# My collection



## pgugger

I'm a home cook who accumulated enough knives lately that it's fair to say I have a collection. I thought I would share it here and update now and then as it evolves. A few years ago, I bought a Masamoto VG as my first Japanese knife, which I found impressive at the time and still use for rougher tasks. Eventually, I learned of even better knives, so i bought a Kurosaki AS and Masakage Koishi, which were far more impressive for both their performance and craftsmanship. Since then, I have been fascinated by trying different styles and makers, especially those with long traditions or interesting stories, but only recently did I really go all in on exploring. Now, I have a small collection, which I hope to expand and then focus over time. 







From left to right:
Kurosaki R2 Hammered 150 mm petty
Ishikawa W#2 165 mm nakiri
Yoshimune W#1 165 mm nakiri
Kurosaki AS 210 mm gyuto
Konosuke Fujiyama FM B#1 240 mm gyuto 
Munetoshi W#2 240 mm gyuto 
Masakage Koishi 240 mm gyuto
Konosuke HD2 240 mm gyuto 
Toyama Noborikoi B#2 240 mm gyuto
Takeda NAS Medium gyuto
CCK 1303 cleaver
Moritaka AS 130 mm petty

Not shown: Masamoto VG 210 mm gyuto, Dexter 7" heavy-duty cleaver, and Victorinox bread, slicing, and paring knives

I also have a Teruyasu Fujiwara Maboroshi 180 mm gyuto on the way.


----------



## khashy

Nice gathering of blades. Which one is your favourite?


----------



## Runner_up

Nice collection!


----------



## pgugger

khashy said:


> Nice gathering of blades. Which one is your favourite?

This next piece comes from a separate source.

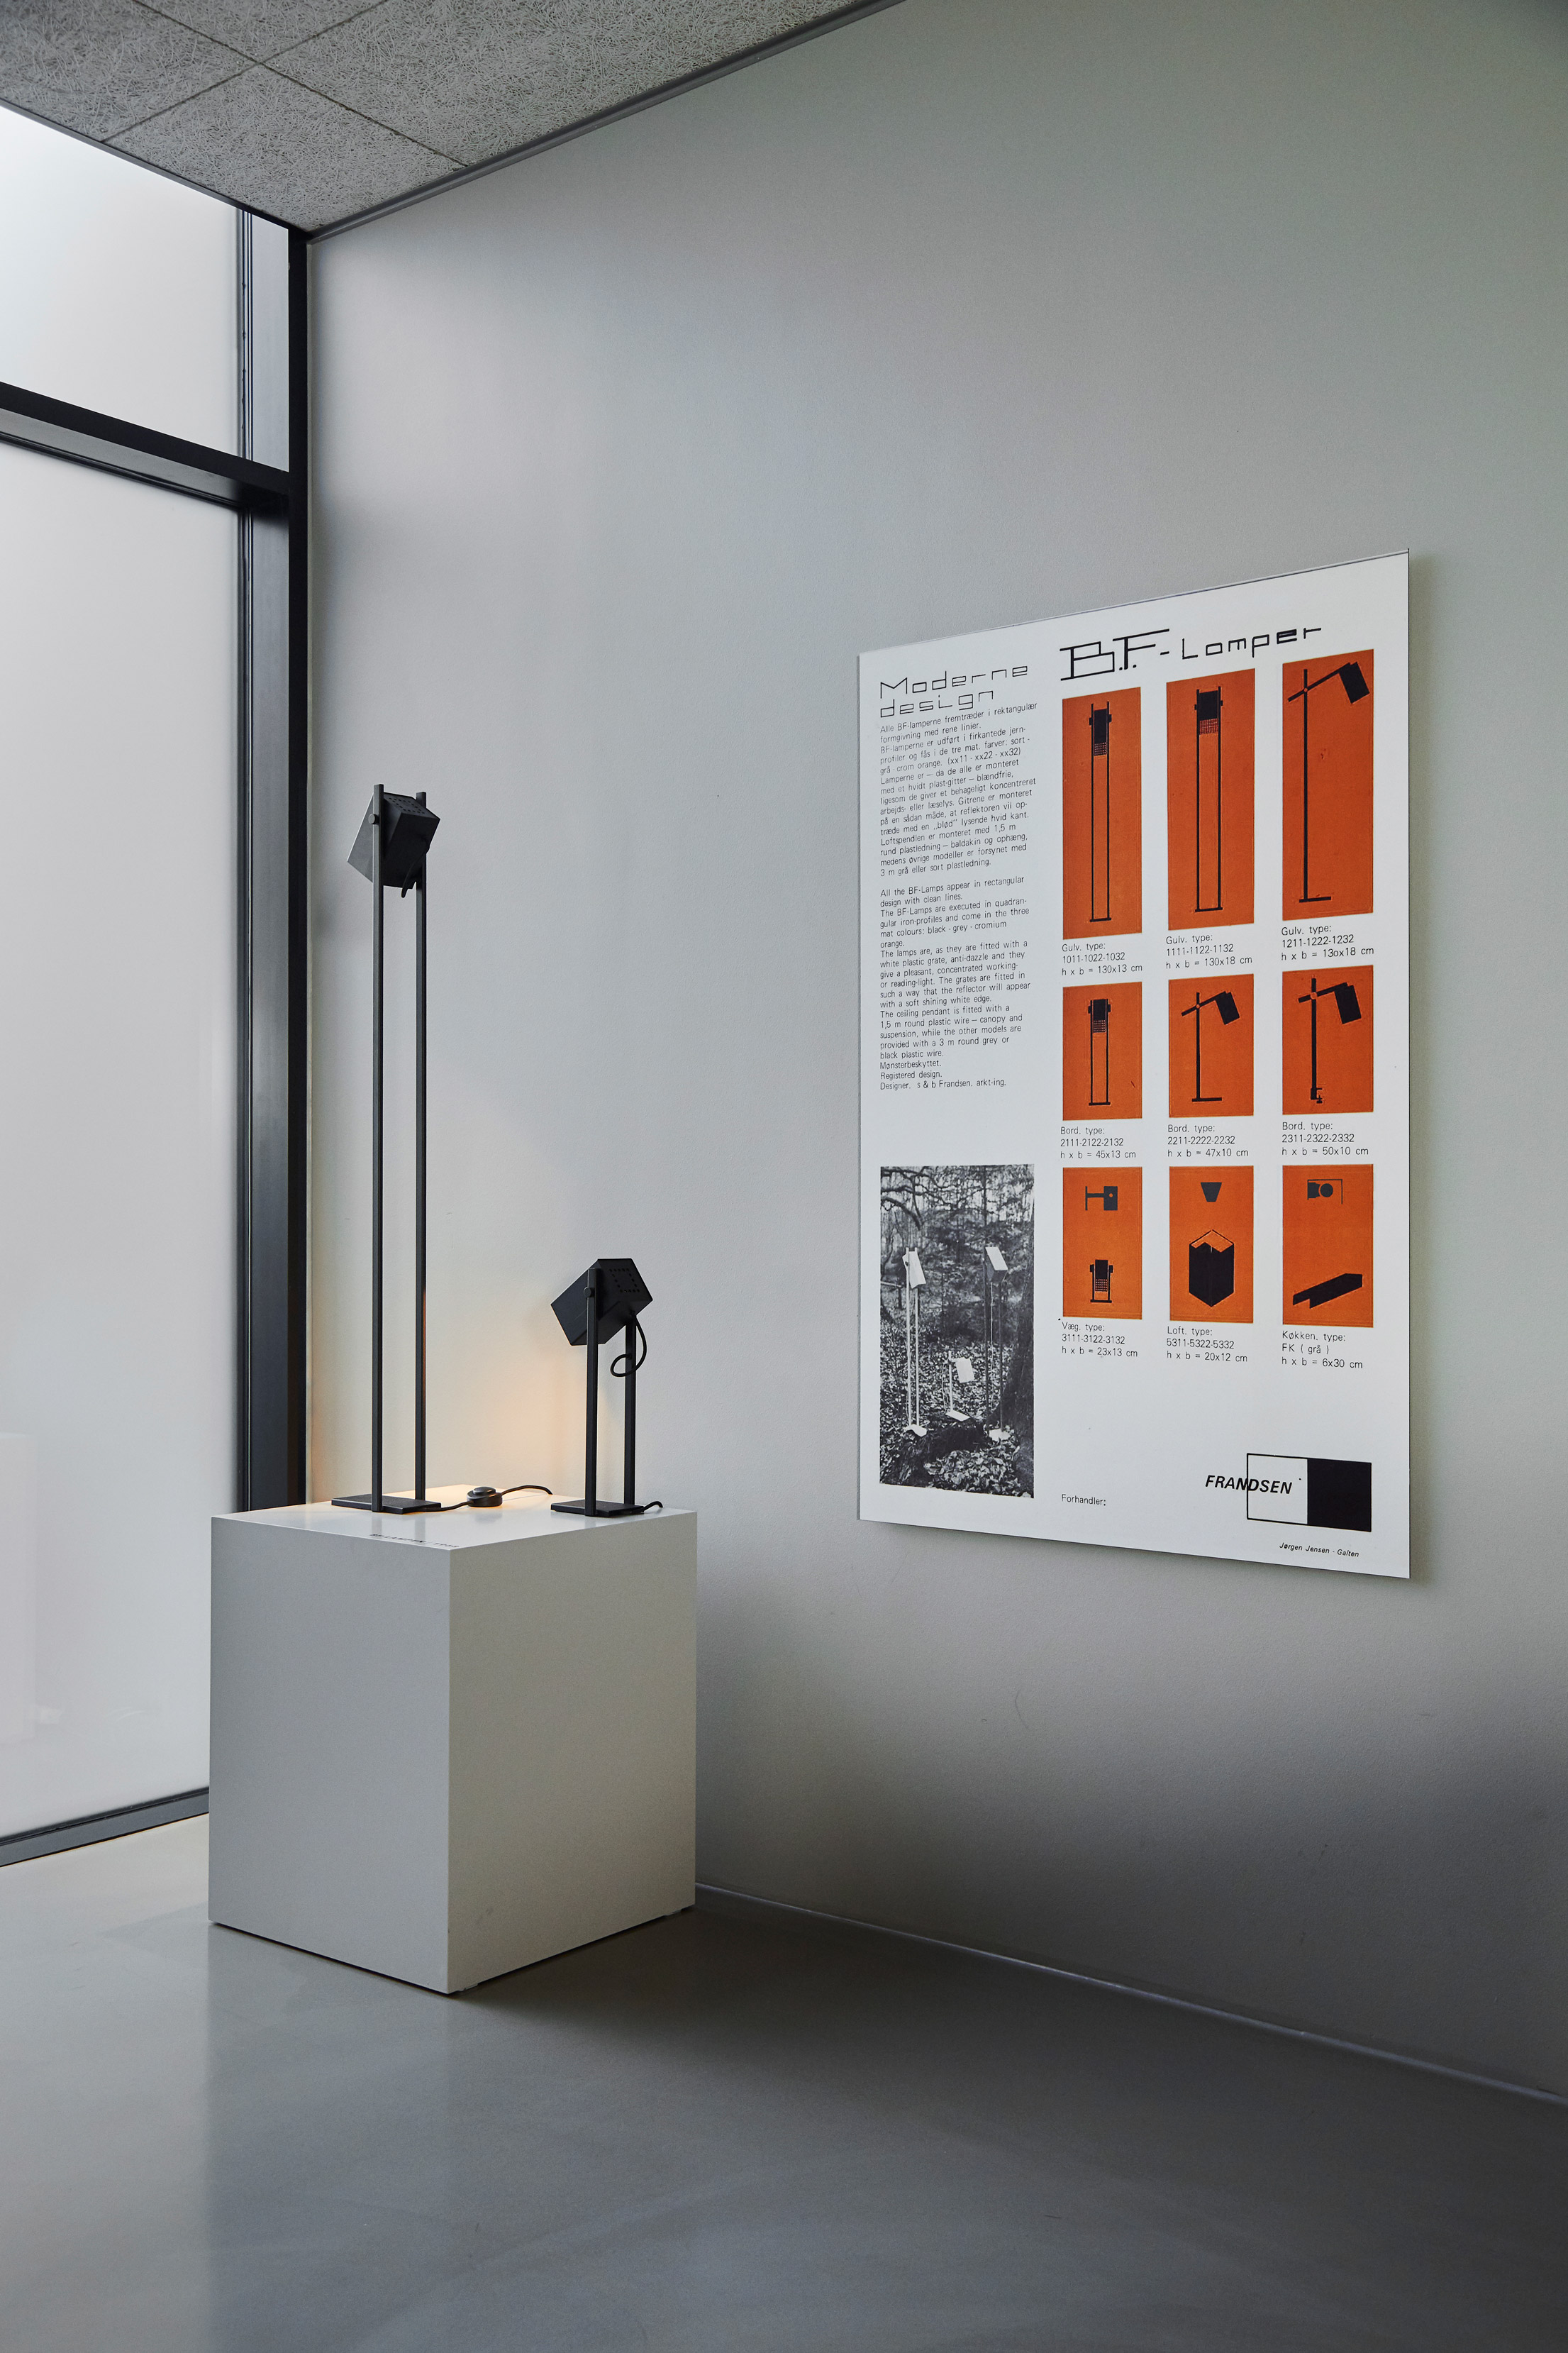 Frandsen-Lighting-19.06.26-interiør-og-eksteriør7933.jpg

Thanks! My favorites so far are the Konosuke Fujiyama FM and the Toyama - both acquired in the last few weeks. Instantly became favorites. They are both well balanced and match my cutting styles well, even though they are quite different knives. I also still like my Kurosaki AS, and the Takeda and CCK are fun. Still deciding on how I feel about some of the other gyutos, though.


----------



## Forsberg

Nice Collection. 
The takeda allmost looks like a santoku.
Is the cleaver a veggie cleaver? I'm super curious about those knives. [emoji85]


----------



## pgugger

Forsberg said:


> Nice Collection.
> The takeda allmost looks like a santoku.
> Is the cleaver a veggie cleaver? I'm super curious about those knives. [emoji85]

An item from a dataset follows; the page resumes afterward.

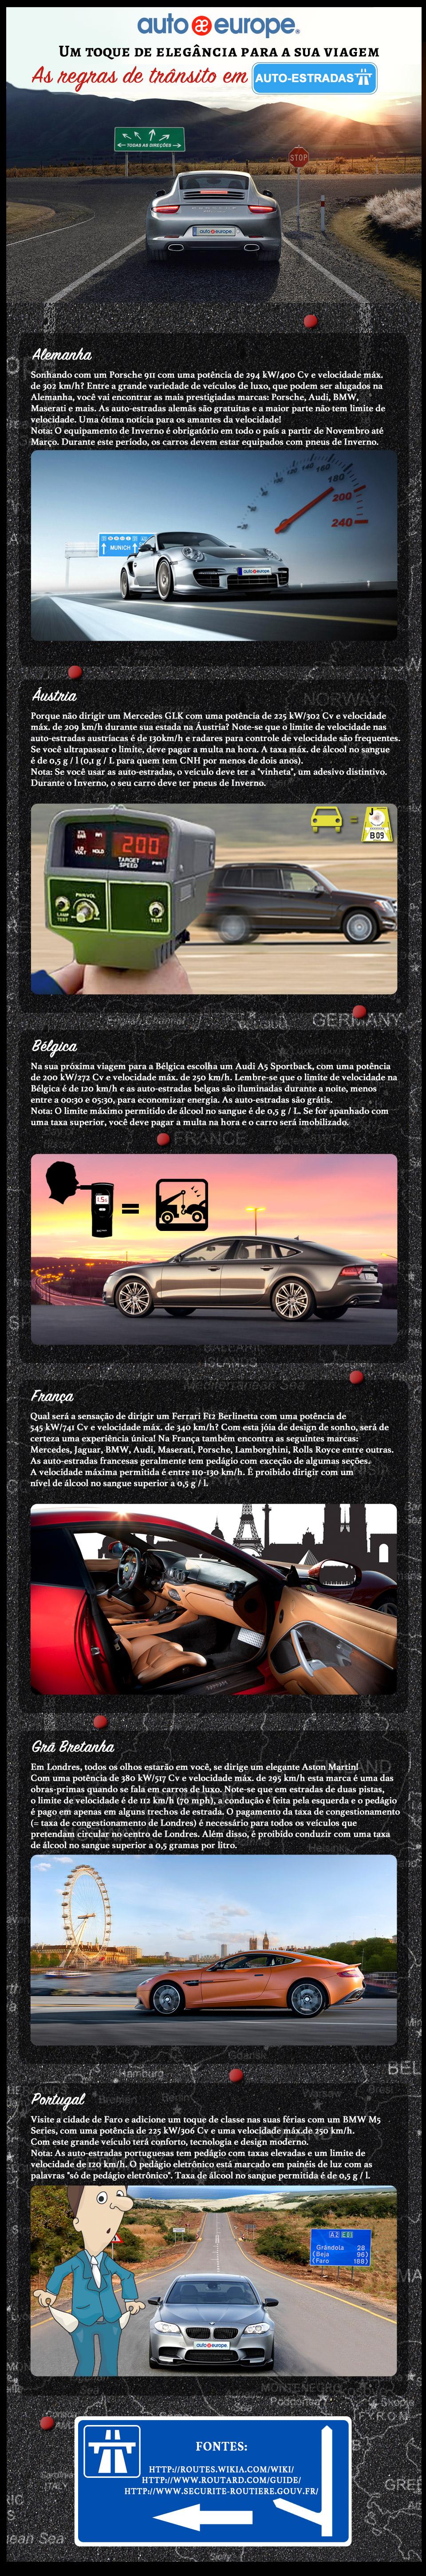 Regras de trânsito nas Auto-Estradas | Auto Europe

The Takeda does look like a giant santoku. I think mine is over 250 mm. Its a unique knife but great for food release, chopping, and the height is nice for moving food off the cutting board. It can wedge a bit on hard produce, due to the grind, but that same grind is what makes it excel at food release. 

Yes, the cleaver is a veggie cleaver, also great for chopping and doubles as a bench scraper. Really good value too; not very expensive for the quality. 

I find both these knives fun to use and recommend them.


----------



## Nino-chan

pgugger said:


> I'm a home cook who accumulated enough knives lately that it's fair to say I have a collection. I thought I would share it here and update now and then as it evolves. A few years ago, I bought a Masamoto VG as my first Japanese knife, which I found impressive at the time and still use for rougher tasks. Eventually, I learned of even better knives, so i bought a Kurosaki AS and Masakage Koishi, which were far more impressive for both their performance and craftsmanship. Since then, I have been fascinated by trying different styles and makers, especially those with long traditions or interesting stories, but only recently did I really go all in on exploring. Now, I have a small collection, which I hope to expand and then focus over time.
> 
> View attachment 69097
> 
> 
> From left to right:
> Kurosaki R2 Hammered 150 mm petty
> Ishikawa W#2 165 mm nakiri
> Yoshimune W#1 165 mm nakiri
> Kurosaki AS 210 mm gyuto
> Konosuke Fujiyama FM B#1 240 mm gyuto
> Munetoshi W#2 240 mm gyuto
> Masakage Koishi 240 mm gyuto
> Konosuke HD2 240 mm gyuto
> Toyama Noborikoi B#2 240 mm gyuto
> Takeda NAS Medium gyuto
> CCK 1303 cleaver
> Moritaka AS 130 mm petty
> 
> Not shown: Masamoto VG 210 mm gyuto, Dexter 7" heavy-duty cleaver, and Victorinox bread, slicing, and paring knives
> 
> I also have a Teruyasu Fujiwara Maboroshi 180 mm gyuto on the way.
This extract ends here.